Evicted families don't shop
In the average American street, one in 12 owner-occupied dwellings houses a family that is way behind on their mortgage. They are facing foreclosure.
And, of course, averages mask areas of threatened foreclosure concentration where, say, one in four houses contain families facing eviction. What that means for many Americans is that even though their home may have fallen 40 or 50 per cent in value from its peak, values face a further decline.
The US real estate agent Trulia.com has countless foreclosure houses on their web site and reports that a quarter of those sellers have been forced to cut their asking prices at least once, and those cuts represents about $27 billion worth of hoped for national home equity. According to CNBC, Trulia says a meaningful recovery in housing values may not happen until 2011 and 2012.
And Los Angeles has decided to fine banks, or whoever owns the foreclosed property, up to $100,000 if they let a house fall into disrepair. That means quick sales and lower prices.

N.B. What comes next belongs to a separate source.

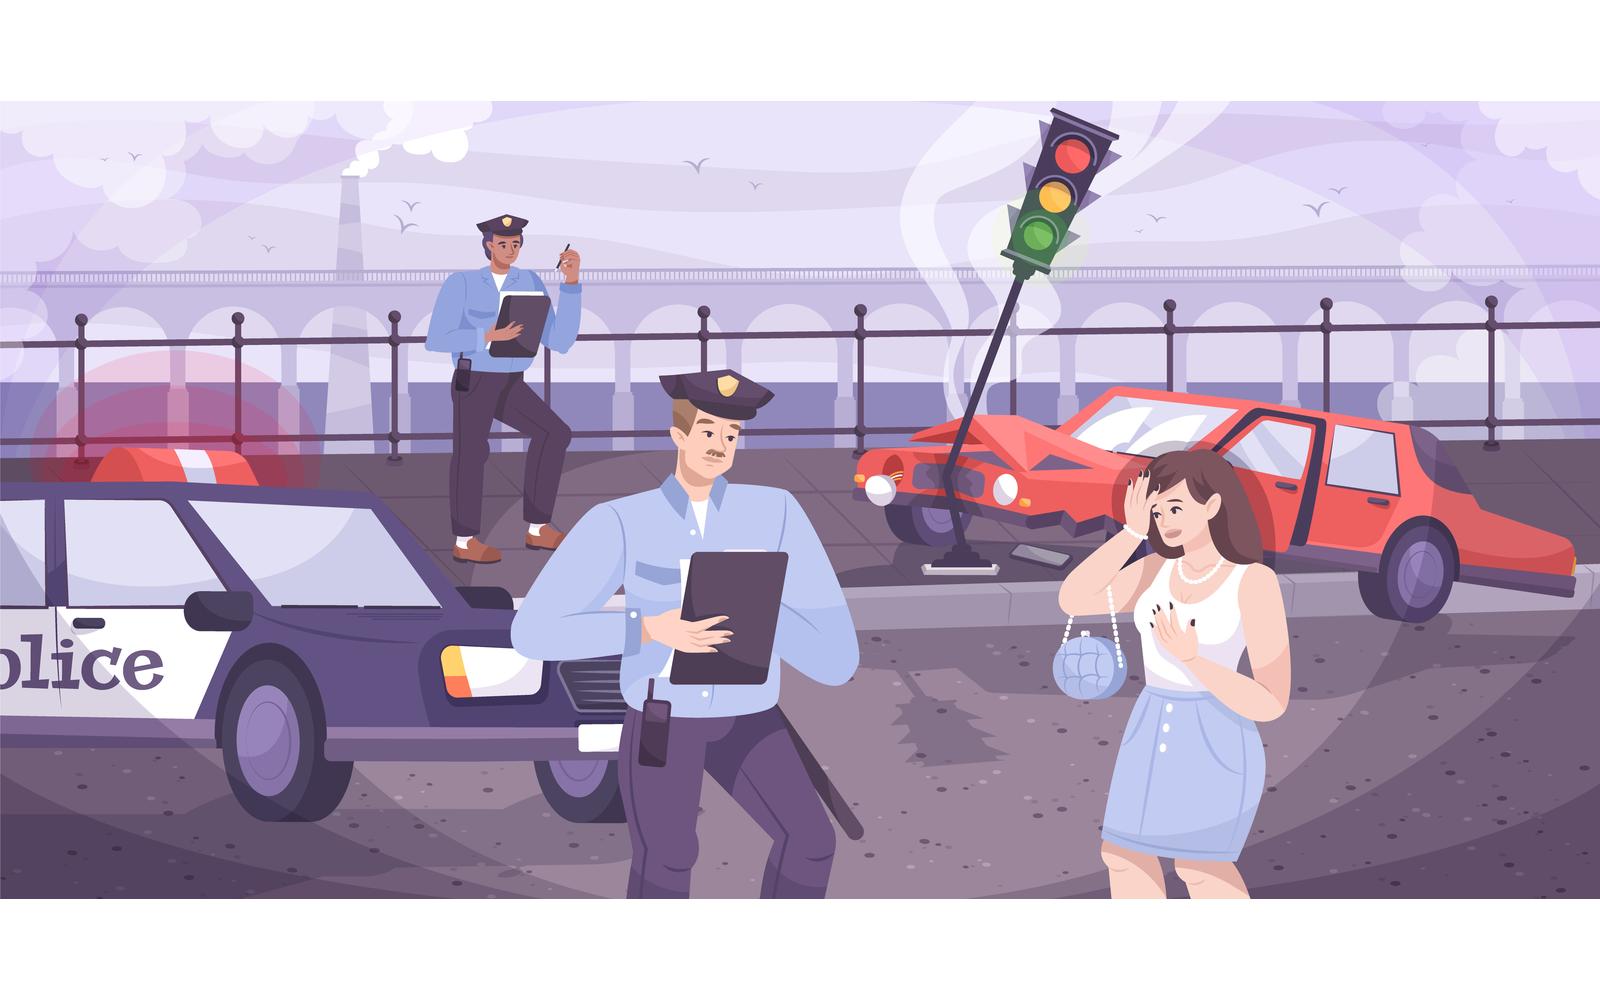 Traffic Police Road Accident Flat 201050736 Vector Illustration Concept

At Business Spectator we have alerted readers to this situation before (America's rotting foundations, July 6; Two American dreams shatter, May 27) because while the high foreclosures rate continues it is very hard for US building statistics and retail sales to show major growth. We saw that illustrated in last night's figures.
Yet with the Dow Index on Wall Street above 10,000, and holding well, the share market clearly believes American companies will overcome this situation. And American companies also believe that their marketing can overcome it.
To illustrate this, at the peak of summer in June imports into the Port of Los Angeles jumped 32 per cent from a year earlier, to 371,889 containers, and exports were up 13 per cent to 154,558 containers. At Long Beach, imports jumped 27 per cent in June to 262,053 containers. Exports rose just 2 per cent to 116,112 containers.
Leaving aside the obvious message these figures have for US balance of trade, it helps explain why Chinese exports have risen so sharply. A large portion of the goods inside those import containers must be purchased by the American consumers who see their house prices falling and their neighbours being evicted.
American marketers are the best in the world. This will test them.